In traditional contexts in which governments do not supply education, religious establishments have taken the role of running educational systems. In this context, madrasa refers to an Islamic school for Muslims, just as parochial schools for Catholics or yeshivas for Jews. All of these institutions are responsible for general education, but also have the purpose of teaching children about religion. In the case of madrasas, Islam.

Both males and females attend traditional madrassas: they sit in separate classes to learn in an Islamic context. A madrassa typically offers two courses of study, a "hifz" course to memorize the Qur'an and become a hafiz, and an Alim course to become a scholar or mullah.
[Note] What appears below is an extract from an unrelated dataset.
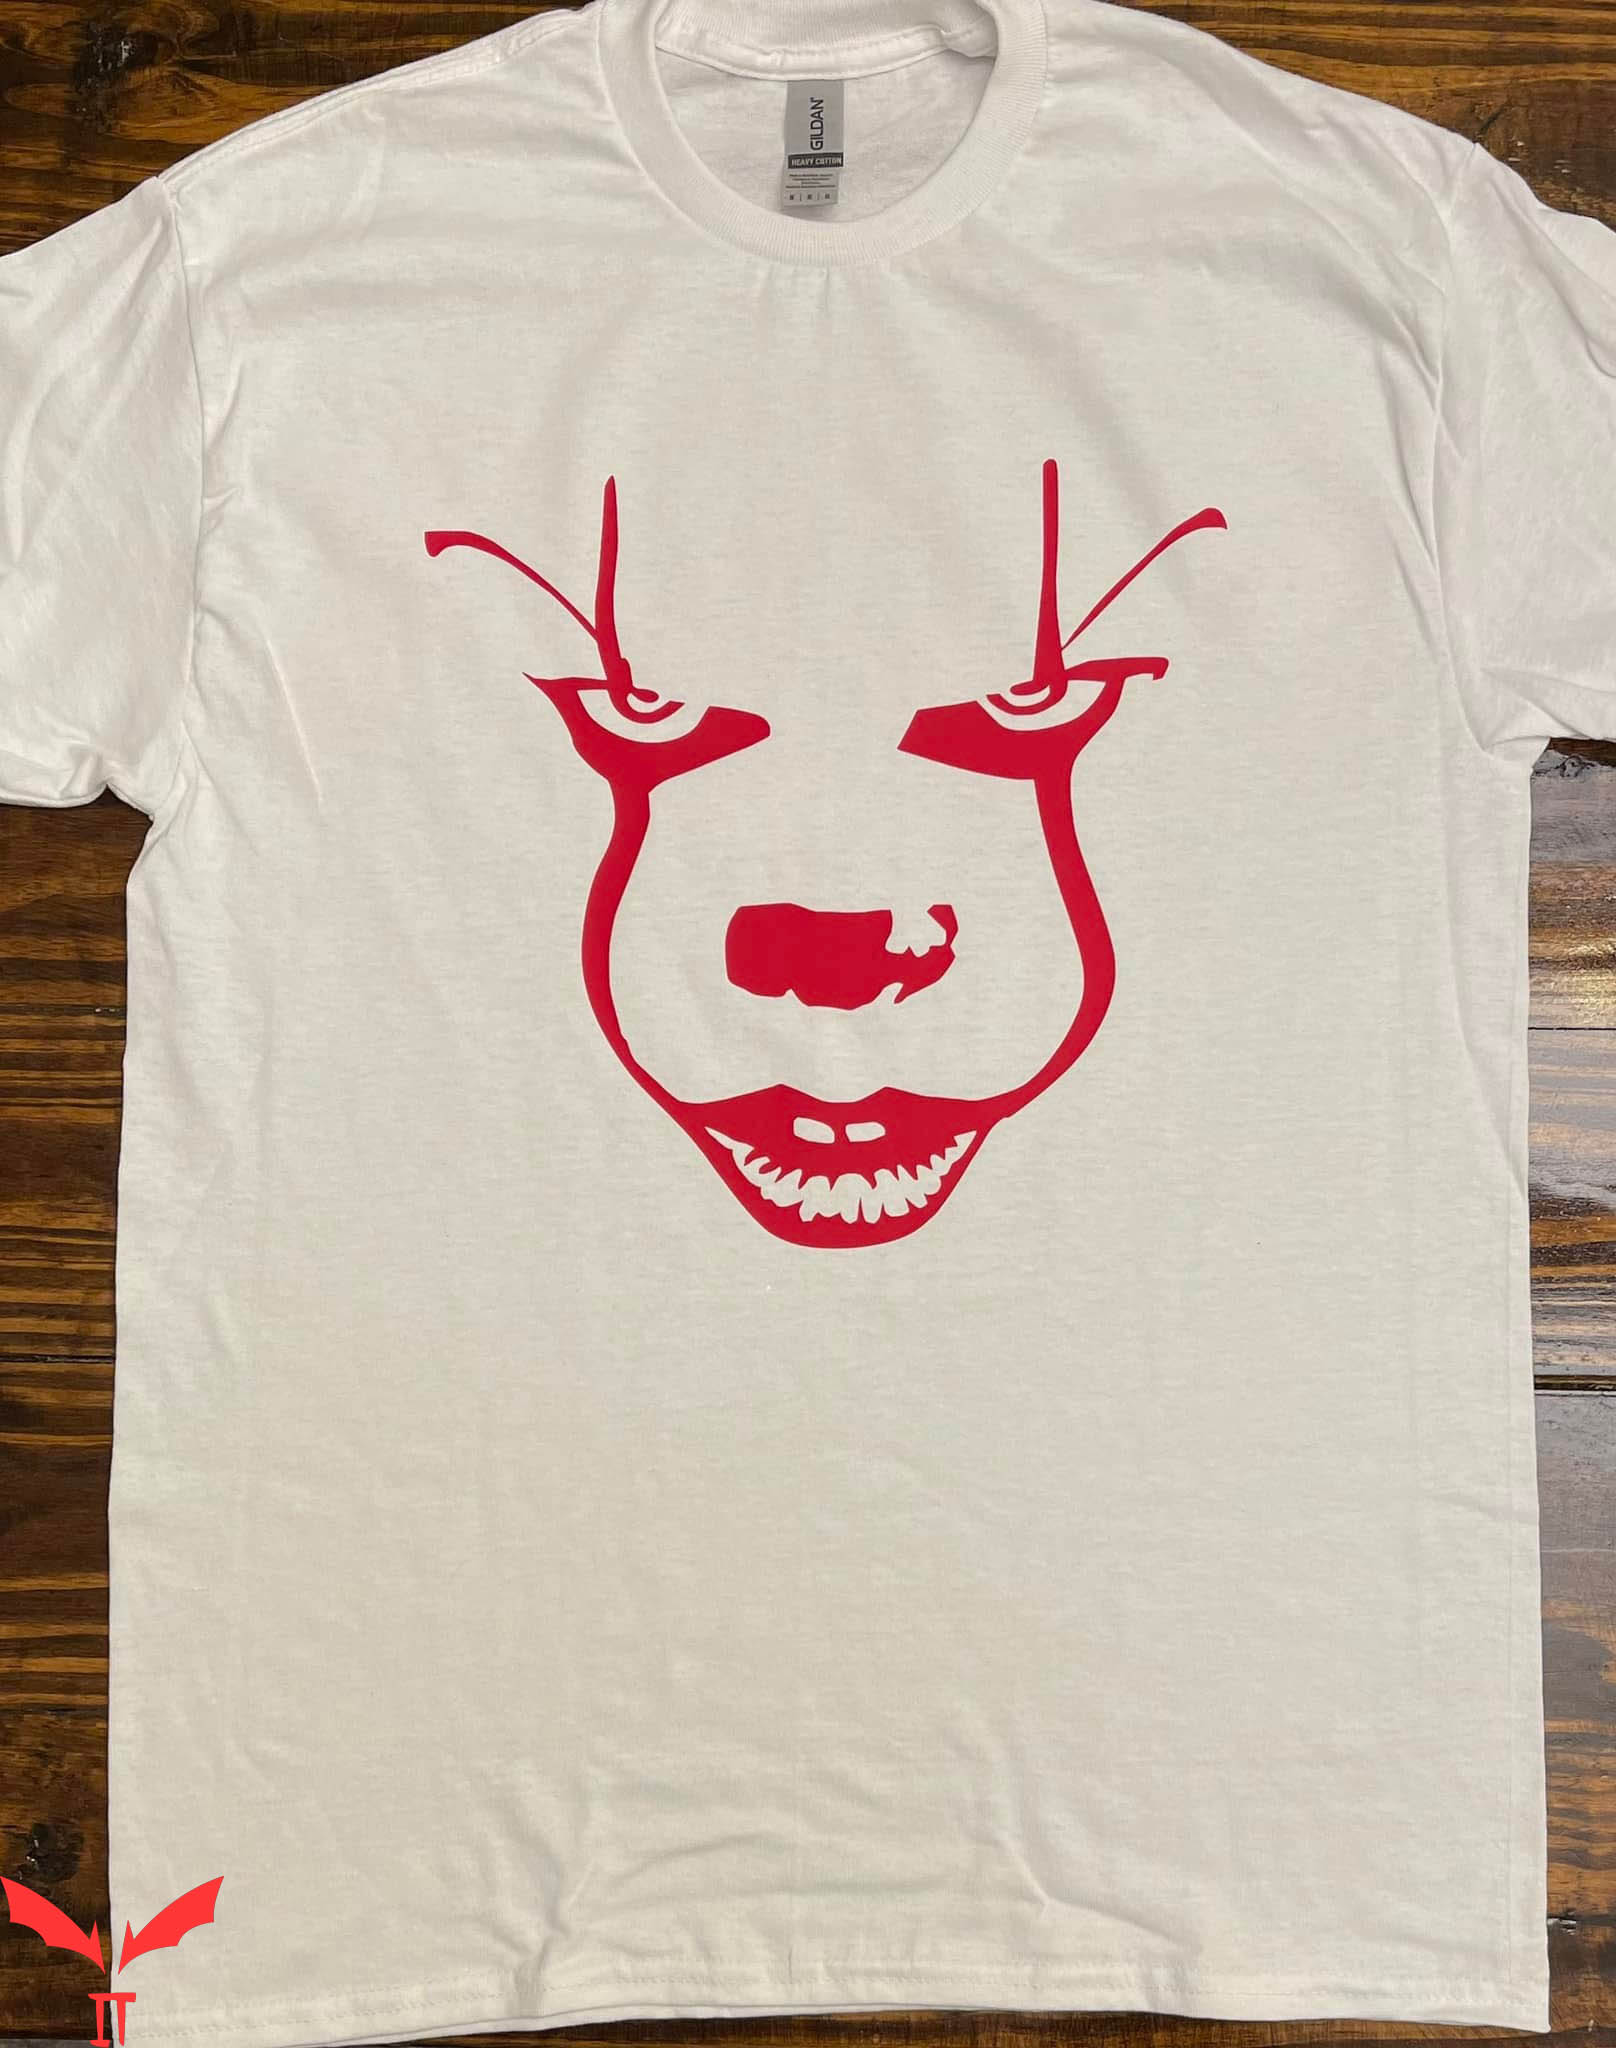 IT T-Shirt Horror Pennywise Smiling Face IT The Movie
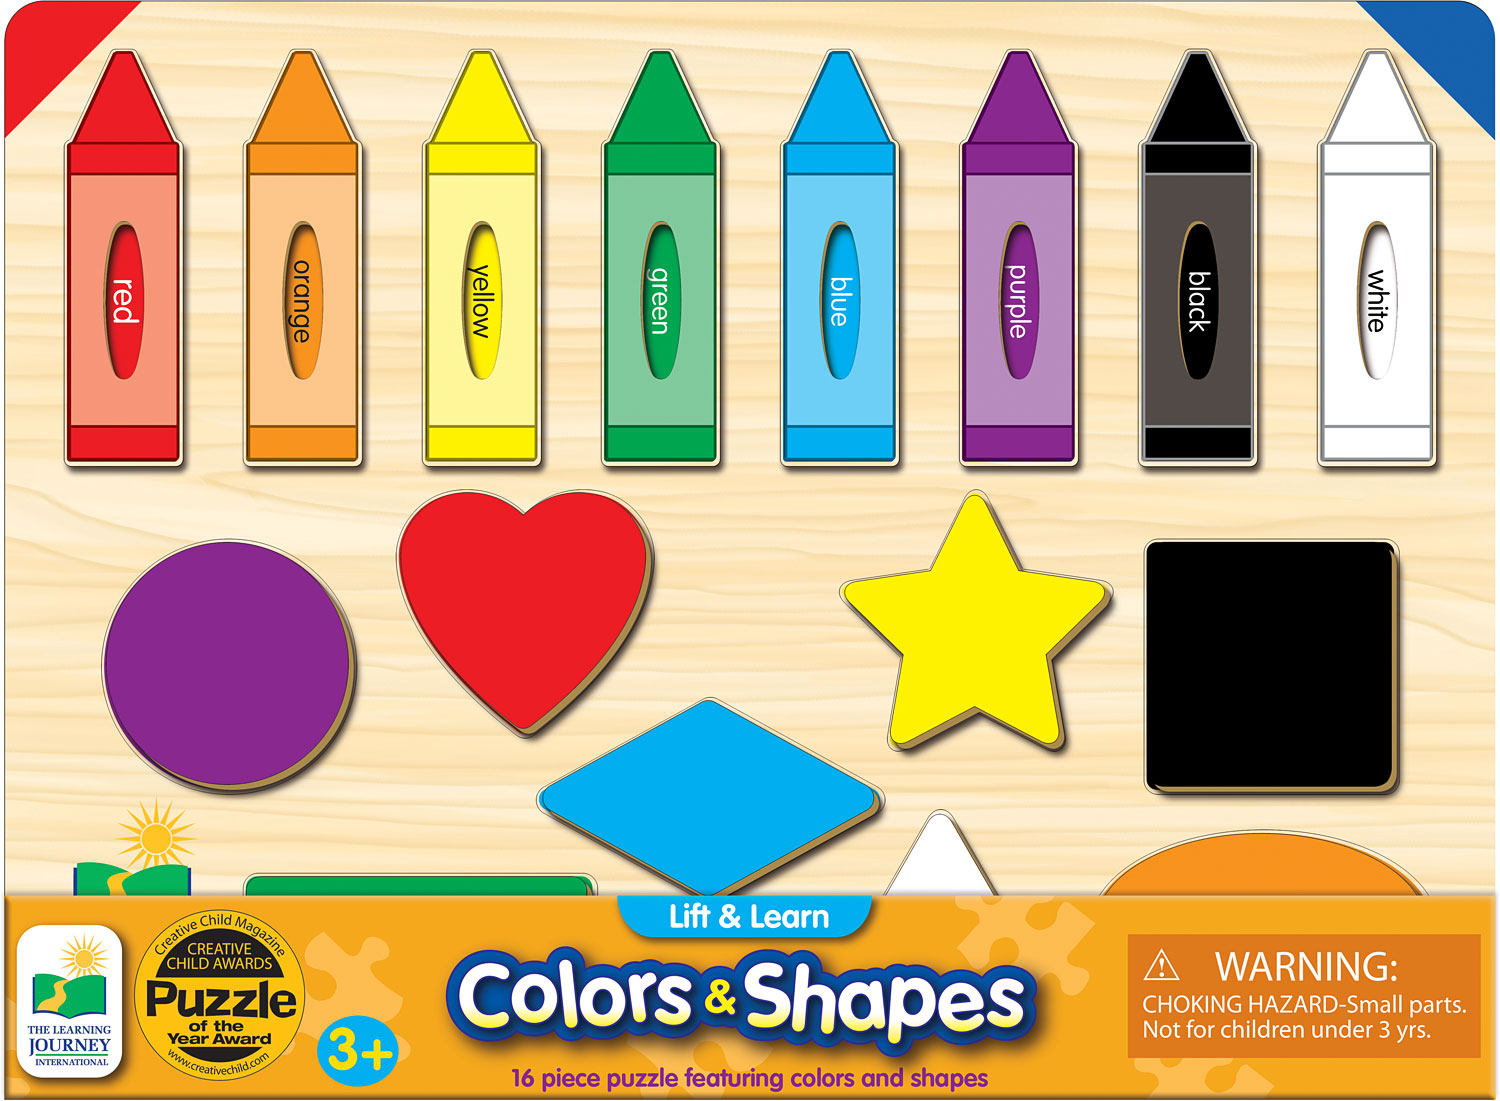 Lift & Learn Colors & Shapes

A regular curriculum includes learning Arabic, Qur'an memorization and interpretation, Islamic law, hadith, and the history of Islam. Depending on the individual madrassa, it may teach additional courses like Arabic literature, English, science and history.

People of a variety of ages attend, and many often move on to becoming imams and sheikhs. A mullah typically requires more than 12 years of study. Many huffaz, or people who memorize the entire Qur'an, come from madrassas. Some madrassas resemble colleges, where people take afternoon classes and some reside in dormitories.

An estimated 10,000 madrassas operate in Pakistan. Contrary to some media reports, only 0.3 percent of Pakistani children of school-going age are enrolled in madrassas according to Pakistan's 1998 Population Census [1] ( Unverifiable estimates place enrollment at 1-1.5 million children although the 1998 Population Census found only 150,000 children. Orphans, migrants, and part-time students may explain the discrepancy. Regardless, madrassa enrollment is relatively insignificant in percentage terms.

A number of madrassas also exist in North America and in Europe. The oldest madrassas still exist today in the Middle East. They take in orphans and poor children, and provide them with an education.

Recently, some people have come to see madrassas in a negative light, amid accusations that many of them indoctrinate students with extremist views. Some have accused extremist madrassas and "Deobandi seminaries" of fostering the Taliban's reactionary policies during its rule in Afghanistan.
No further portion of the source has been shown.